- _INFORMATION SUPPLIED_
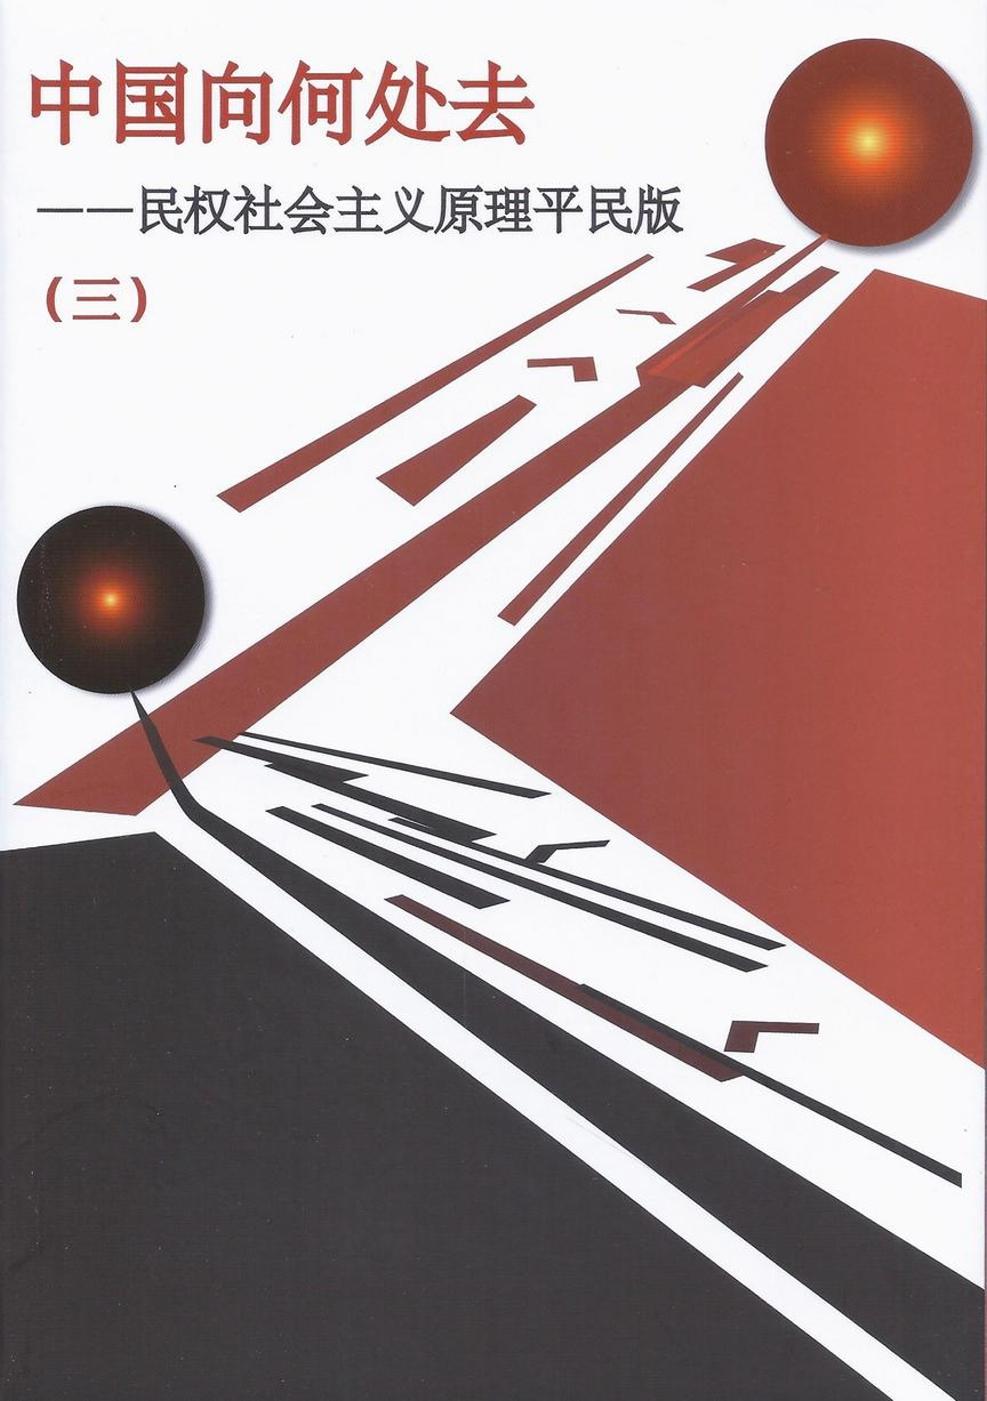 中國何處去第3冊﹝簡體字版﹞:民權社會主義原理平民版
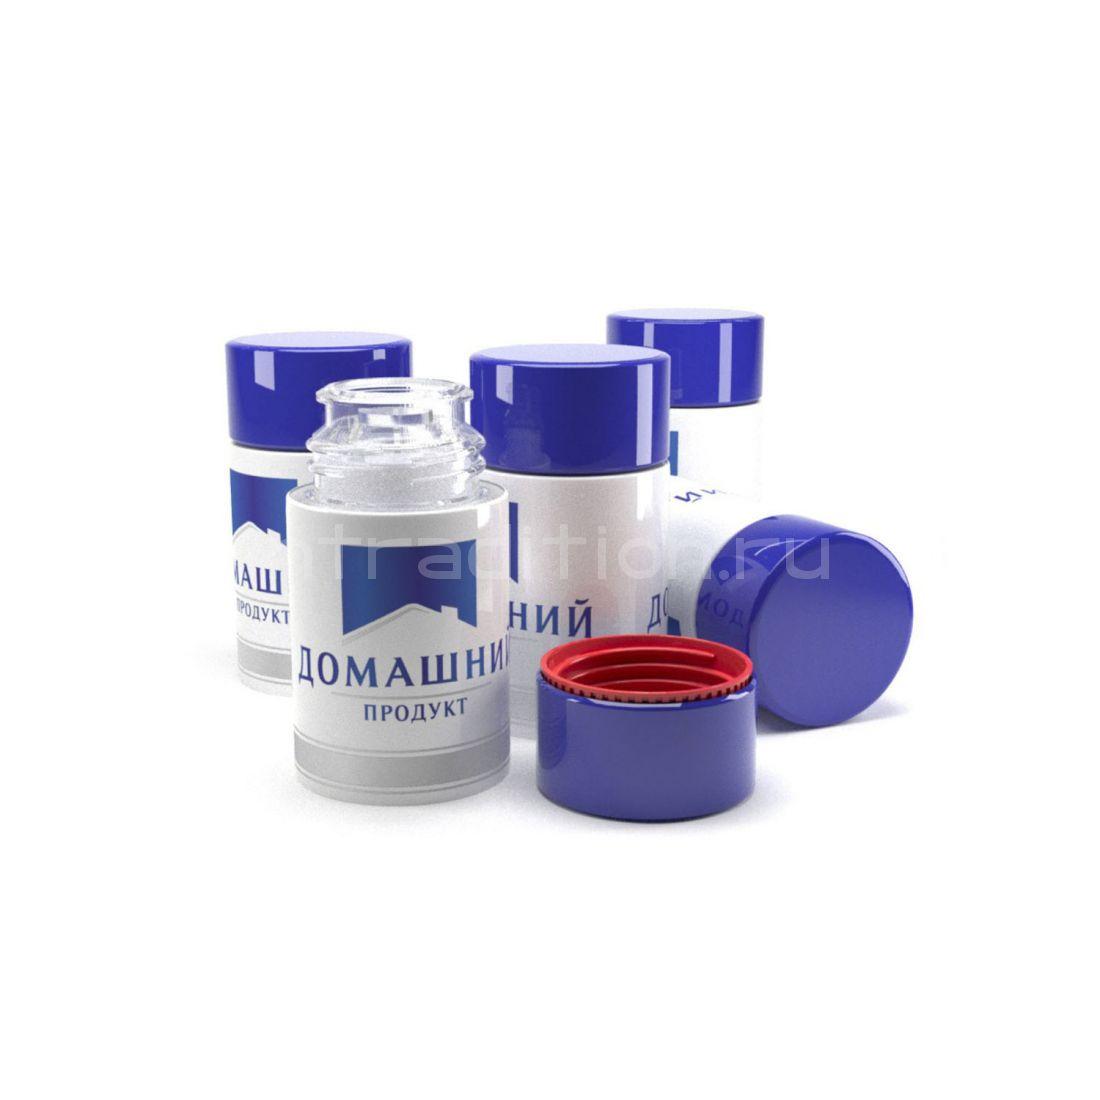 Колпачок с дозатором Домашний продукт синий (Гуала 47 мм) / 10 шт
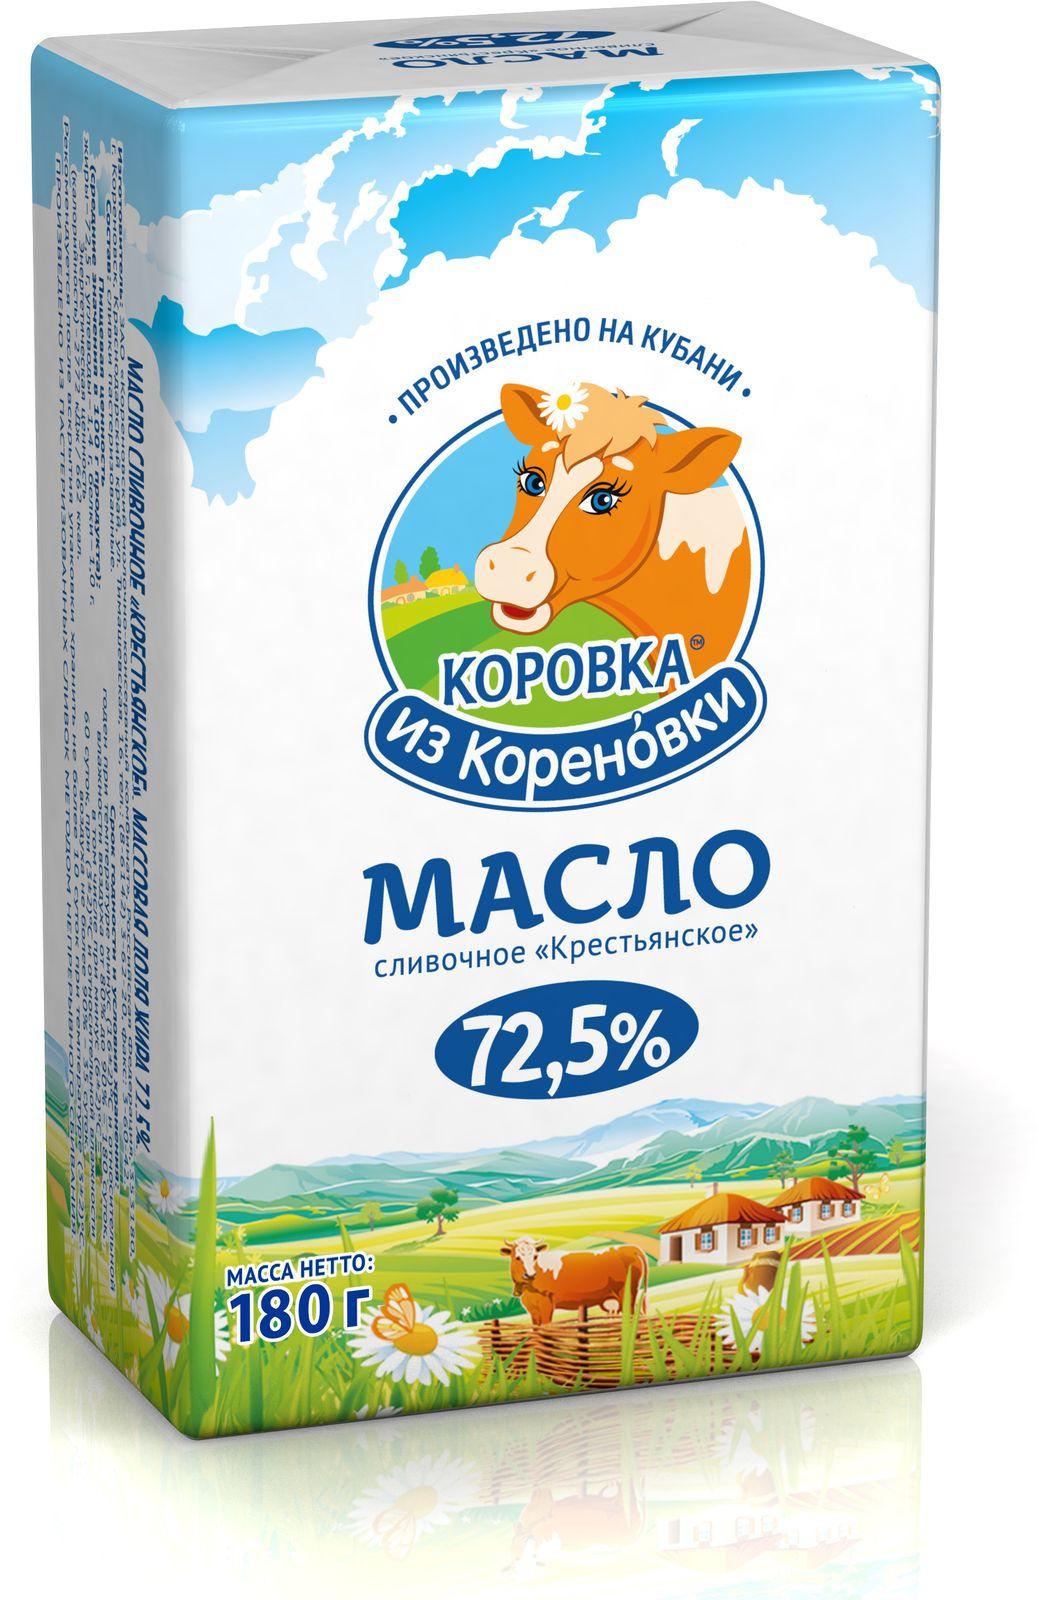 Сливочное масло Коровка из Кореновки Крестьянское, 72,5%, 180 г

- _PROBLEM REQUIREMENTS_
Reproduce the data exactly as it appears above. Pictures are to be left out.

- _RESULT FOR THIS EXERCISE_
 中國何處去第3冊﹝簡體字版﹞:民權社會主義原理平民版
 Колпачок с дозатором Домашний продукт синий (Гуала 47 мм) / 10 шт
 Сливочное масло Коровка из Кореновки Крестьянское, 72,5%, 180 г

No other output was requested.